INSTRUCTIONS TO FOLLOW: Copy task, pictures excluded: set down exactly the lines from the one containing "Gesetzblatt (GBl.) der" to the end of the data below.

COLLECTED DATA:
┄┄┄┄┄┄

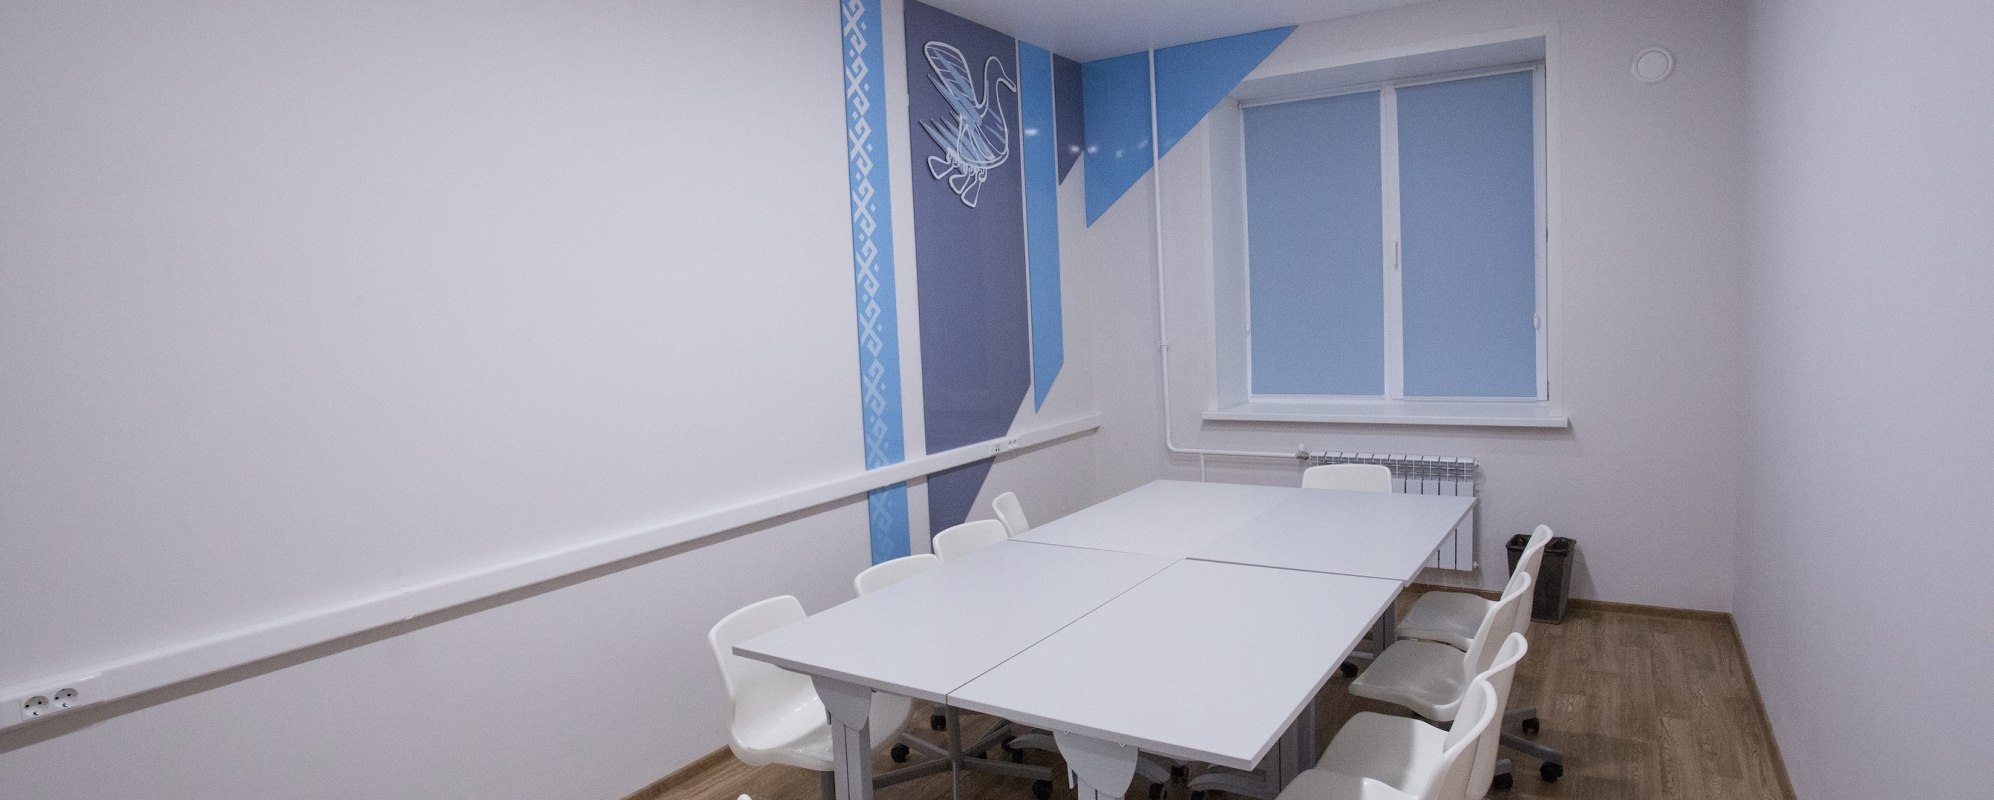 Фотографии комнаты для переговоров Точка кипения Зал Цифрокот
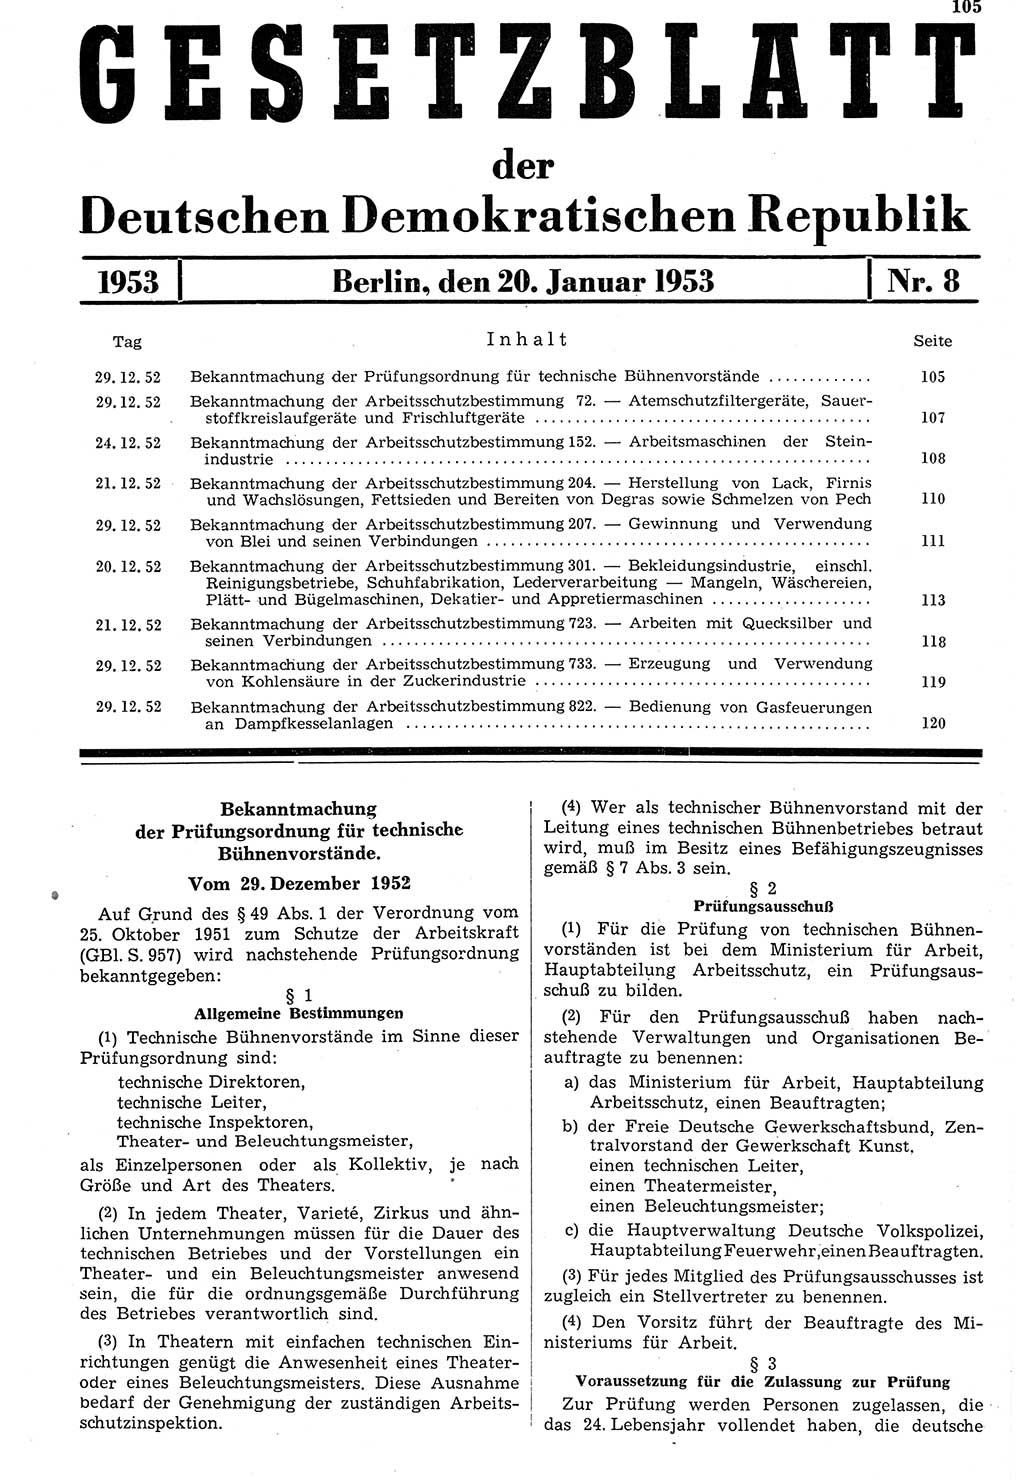 Gesetzblatt (GBl.) der Deutschen Demokratischen Republik (DDR) 1953, Seite 105 (GBl. DDR 1953, S. 105)
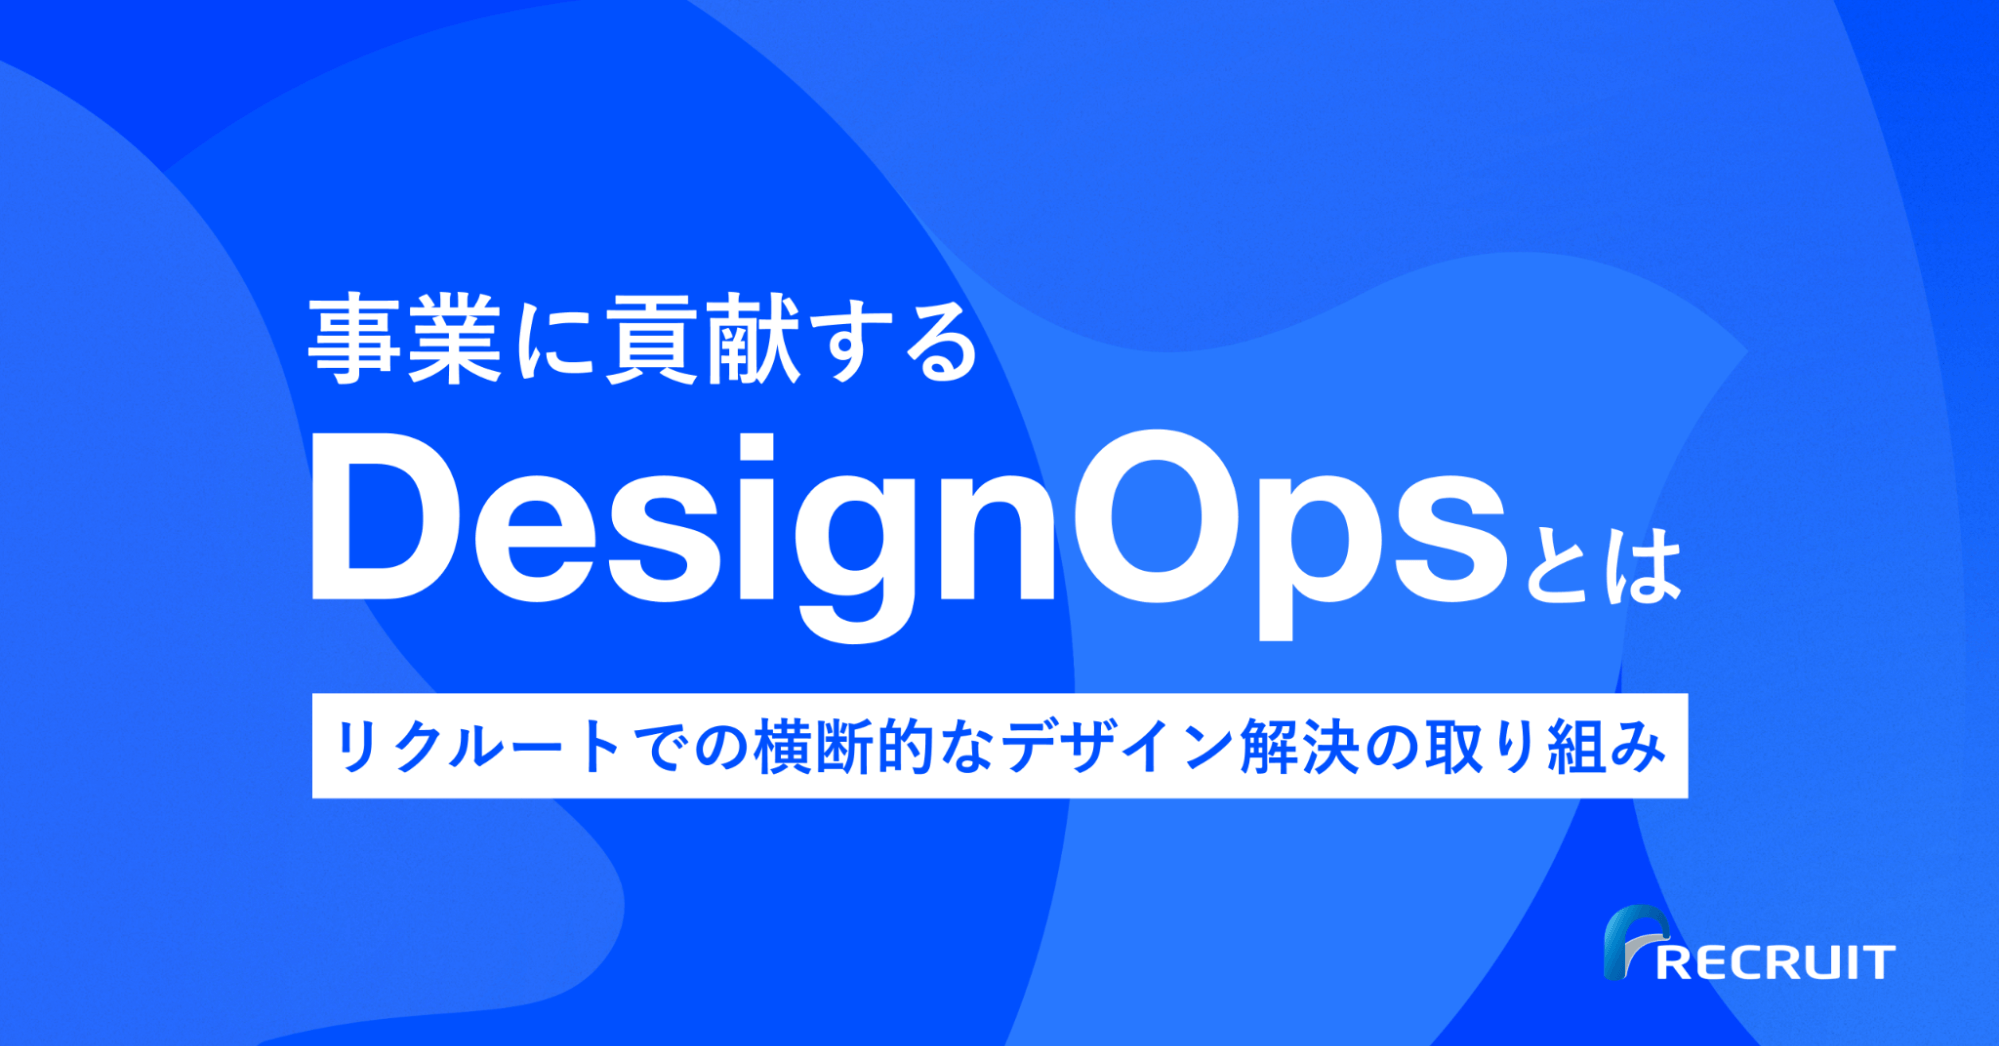 事業に貢献する「DesignOps」とは。リクルートでの横断的なデザイン課題解決の取り組み

┄┄┄┄┄┄

RESULT OF THIS TASK:
 Gesetzblatt (GBl.) der Deutschen Demokratischen Republik (DDR) 1953, Seite 105 (GBl. DDR 1953, S. 105)
 事業に貢献する「DesignOps」とは。リクルートでの横断的なデザイン課題解決の取り組み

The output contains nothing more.